CookingSchools.com: What should culinary arts students try to get out of
their school?
WP:
As much information as possible. Take the best from your instructors and
leave the rest. Understand the cooking background of your teachers, learn a
little of everything in the field. Learn how to fix stoves, drains,
dishwashers and more. Build a nice foundation and go on building your future
one brick at a time so that your career is strong and tremor free.
INDUSTRY TRENDS
CookingSchools.com: What are some trends that you see in the field of
culinary arts that might help prospective students?
WP:
I feel that a return to uncomplicated cooking is a must. Chefs have to
return to the basics and lead their proteges through intensive programs of
training. American Chefs have to learn the art of simplicity. We live in a
country of exageration, big cars, lots of shoes, lots of clothing, large
portions.
This influences the young apprentice to always search for extravagance. My
suggestion to students: search for your culture and identity. Study it well,
study it forever and put it on the plate.
CLOSING REMARKS
CookingSchools.com: Is there anything else you can tell us about
yourself, your career, or the profession that would be interesting or
helpful to others aspiring to enter and succeed as a chef?
WP:
I personally enjoy a style of cuisine that reaches for the past. Trends
come and go but traditions will be here forever. I made a step forward in
cooking by going back in time, and to me it means very much. Presenting the
flavors of my land, rich in history and culture has been a true journey of
pleasure. I have lived my life in the field knowing of the obstacles and
defeats, but never beaten. I spent my life crusading against the
bastardization of the Italian Cuisine and elevated the flag of authenticity.
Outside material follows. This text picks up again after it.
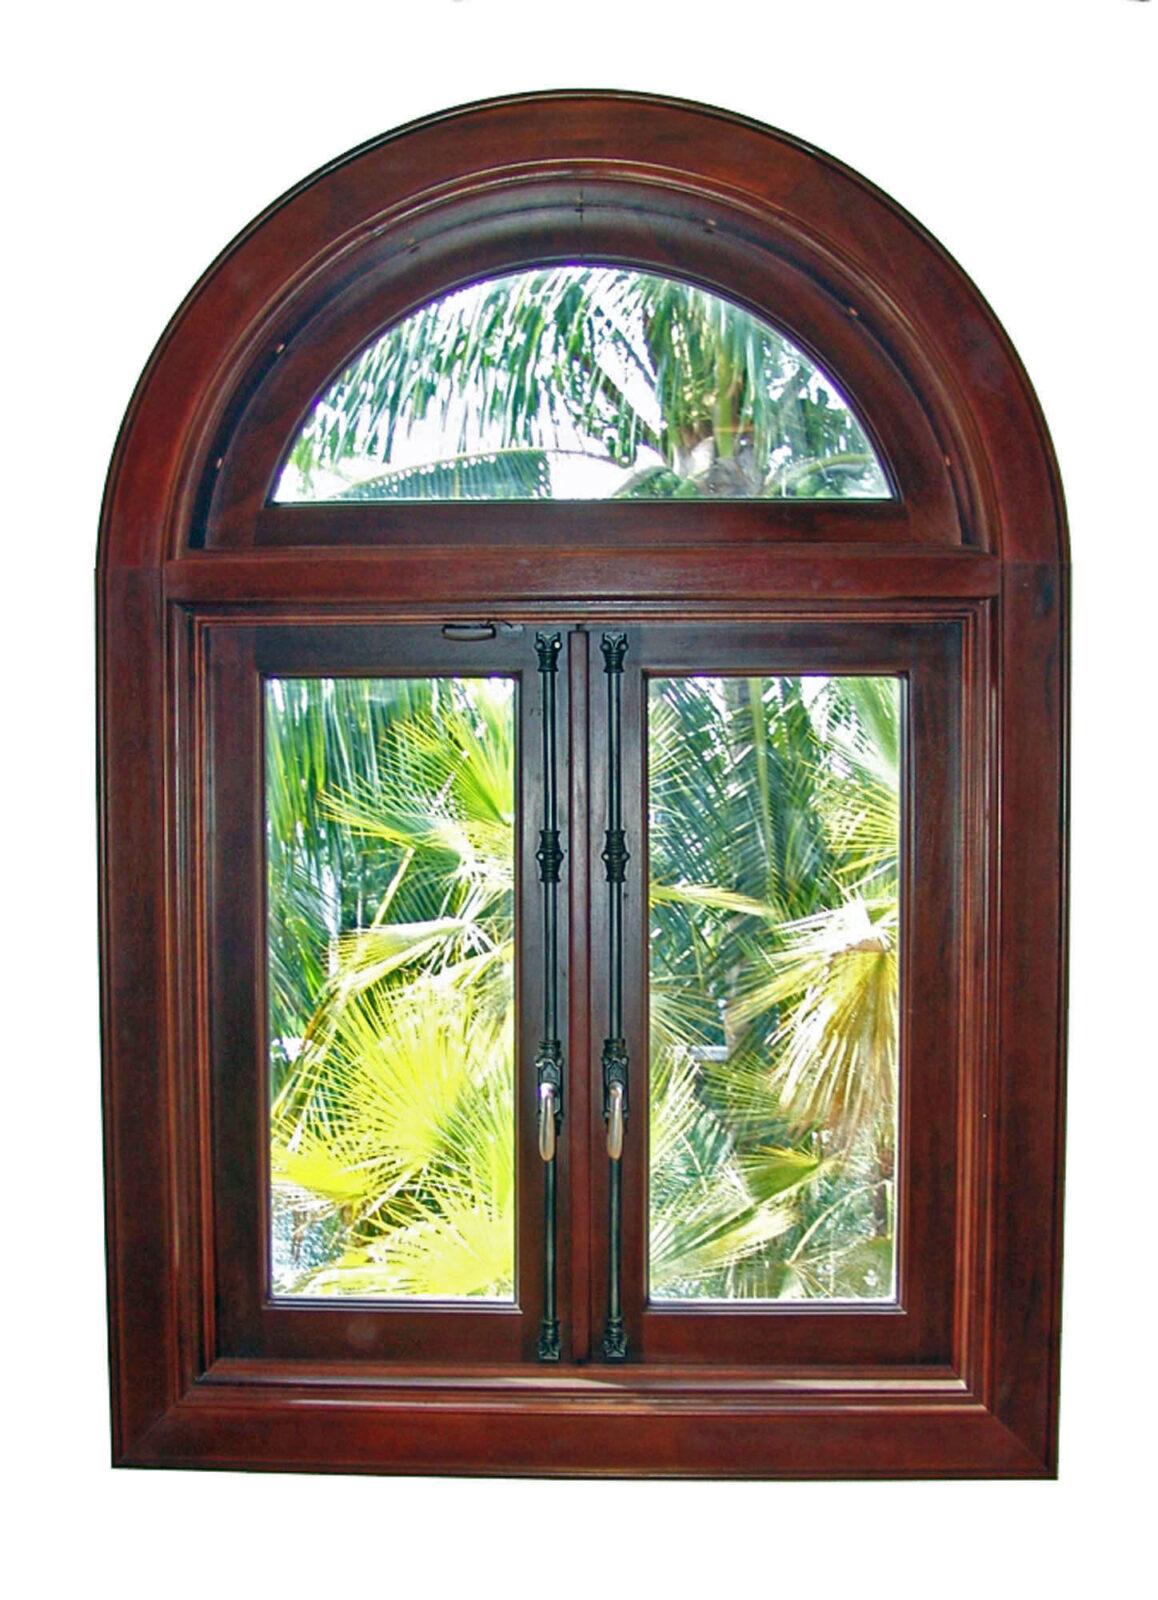 NURMI ISLAND ARCHED WINDOW
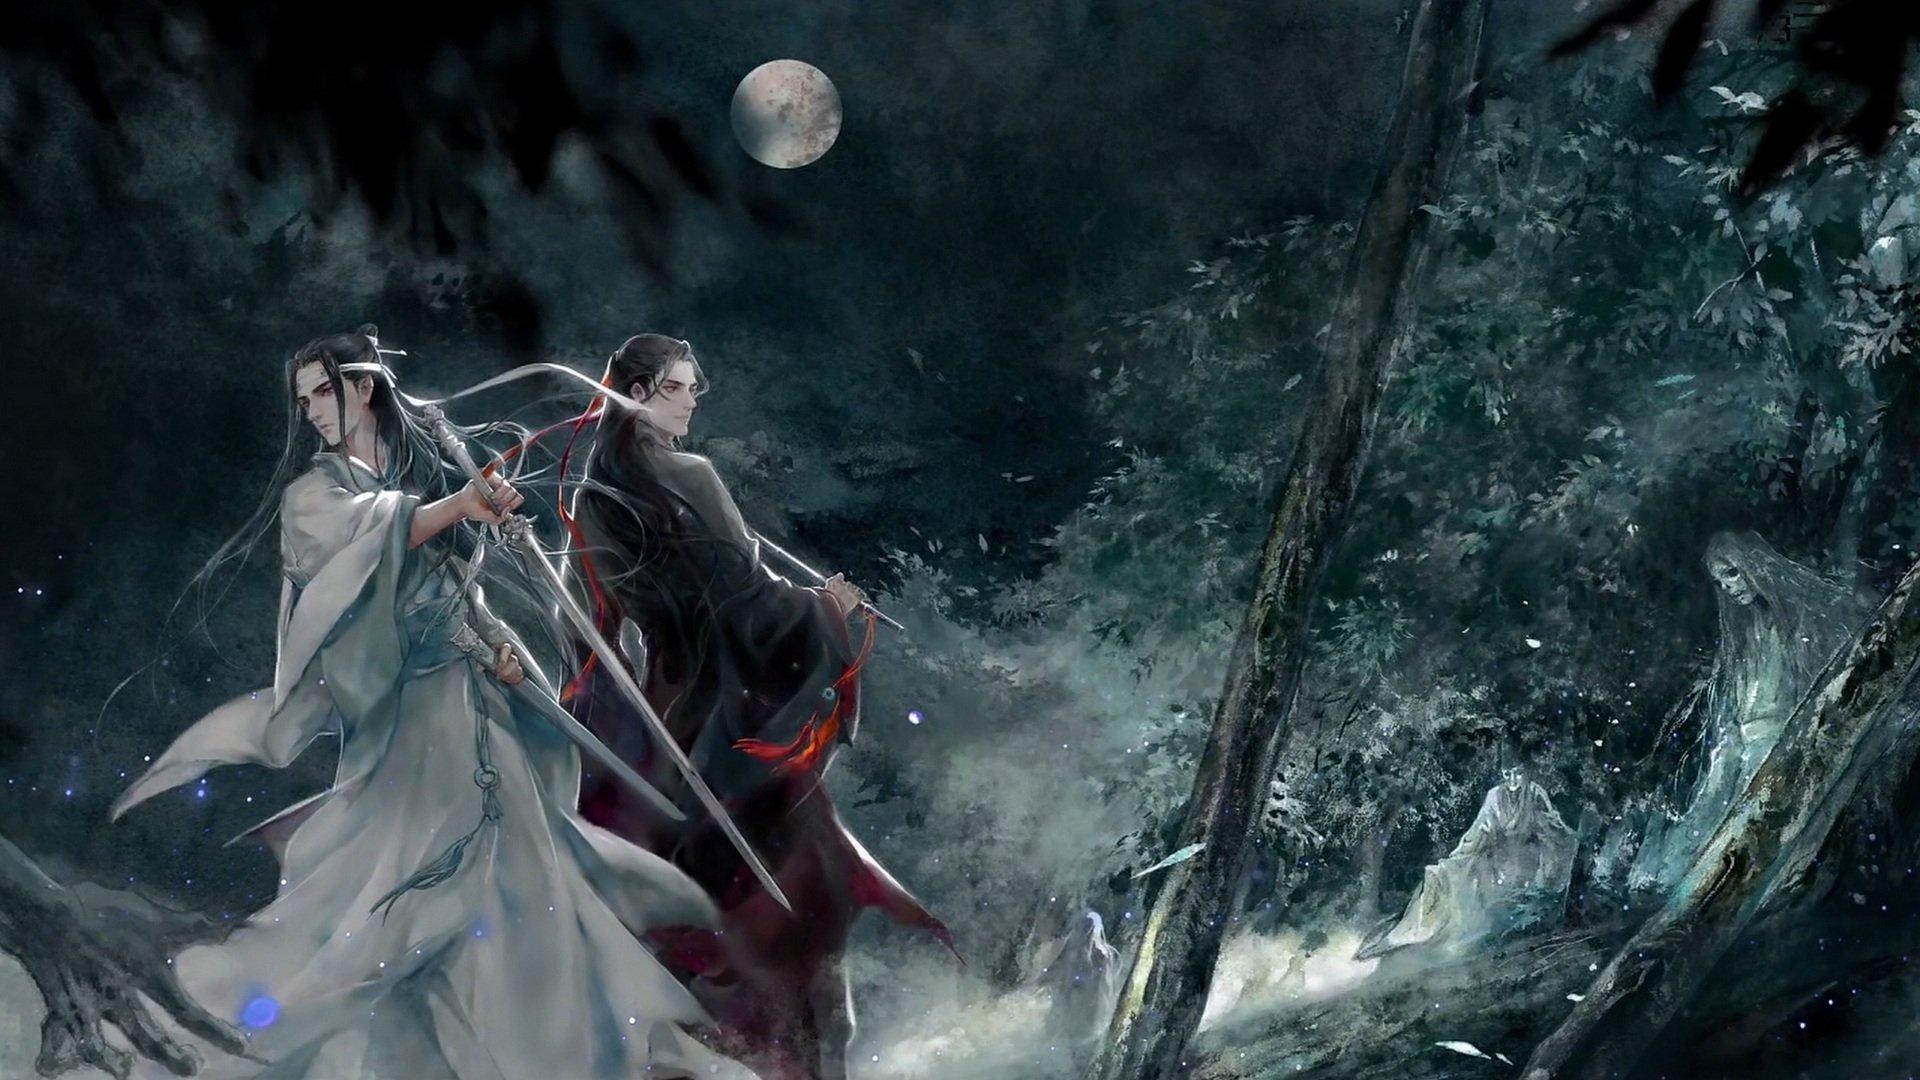 Mo Dao Zu Shi HD Wallpaper | Background Image | 1920x1080 ...

I have always believed that traditions are like umbilical cords. They will
always take you back to your grand mothers no matter how many times your
roads in life may change. Here in the smallest State in the Union, Chef
Walter Potenza stands tall representing his heritage, and guiding others to
follow. Here in Providence, when the curtains open and its show time, Walter
is here hoping to be consistent, authentic, and maybe leave a legacy behind.
That is the biggest pay check a chef could ever receive.